Dad’s Firebird was white, with a single blue stripe running down the center. That was exactly the same as the Central High team colors. The car practically hugged the ground, and it had a rear spoiler and pop-up headlights. It was powerful, too, a real muscle car with a V-8 engine beneath the hood.
It had been nearly three months since I was behind the wheel of that gorgeous baby, and that was with Dad riding shotgun. Now I was flying solo.
At a red light two blocks from the Orpheum, a pair of good-looking girls gave me the eye as they crossed the street, right in front of me. I revved the engine high and felt all that horsepower. Then, when the light turned green, I punched the gas and took off down the street like I owned it.
It was already 4: 08. There were plenty of people outside the theater to see me in that sleek sports car, but Jeannie and her girlfriends were nowhere in sight.
After a few more minutes, I looked up at the marquee. There was a horror movie and two shoot-’emup flicks playing. None of them was the kind Jeannie would go to see.
So I figured Mom had screwed up, and that they had gone to the Premiere, six or seven blocks in the opposite direction.
By the time I got there, Jeannie and her friends had walked all the way up to the corner and were starting home on their own.
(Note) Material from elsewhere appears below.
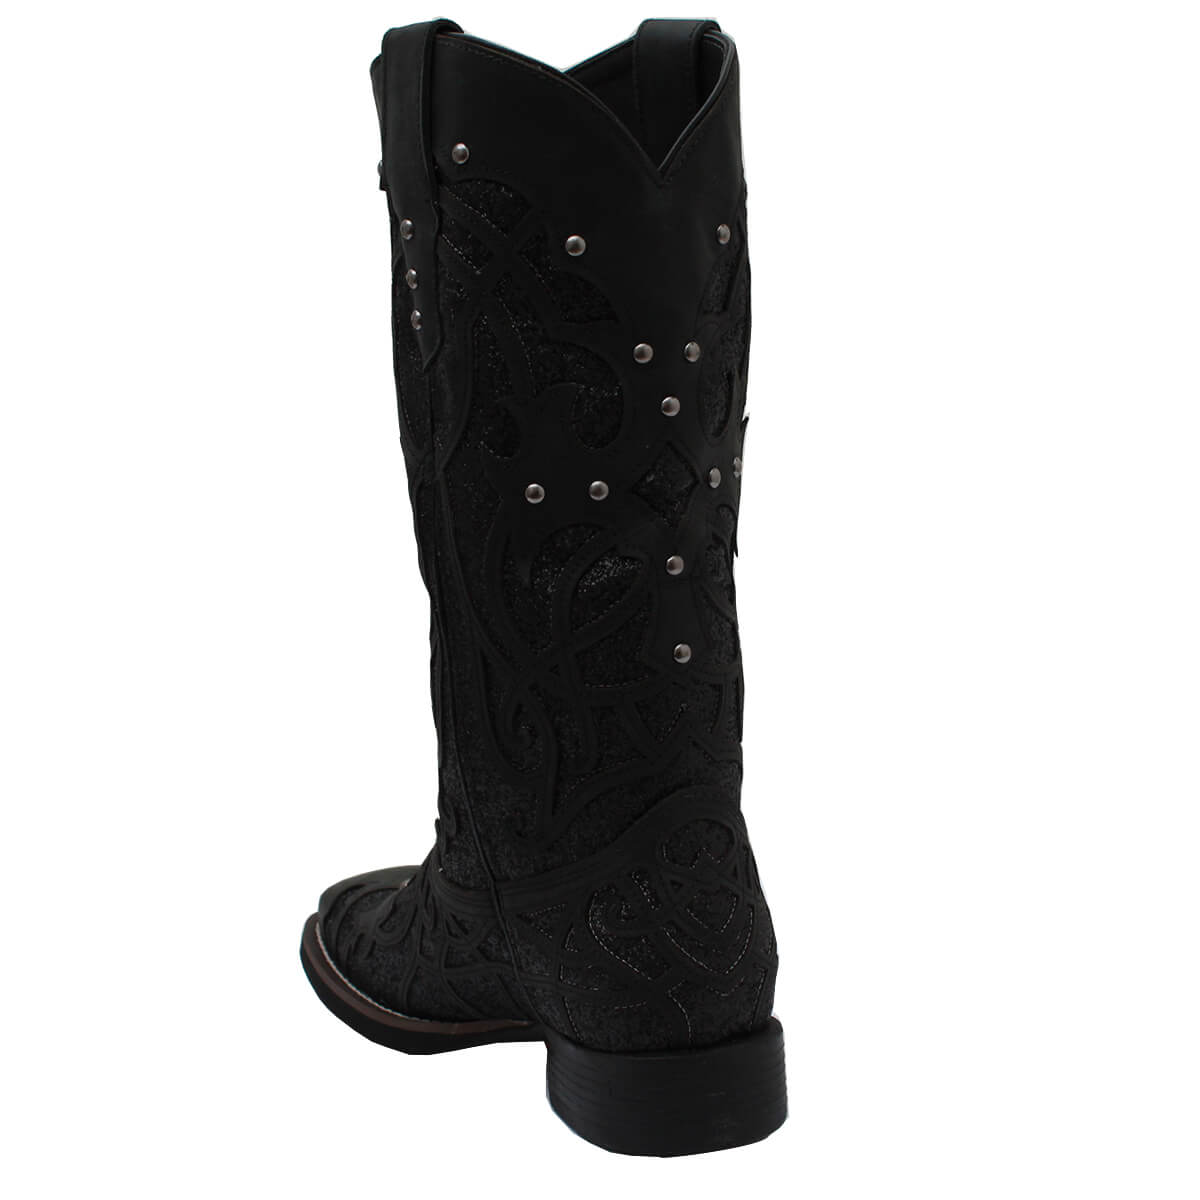 Bota Vimar Boots Feminina Fossil Preta Brilho

That’s when I saw that she was with Alan and another girl.
I thought about hitting the horn to get their attention.
But I didn’t want anyone seeing me drive Alan around.
What if he tried to sit up front? What if we ran into somebody from the team?
It was a no-brainer. Mom had given me the wrong theater. That was the perfect excuse. So I just let the three of them keep right on walking. And I took the long way home, looking for more girls to impress.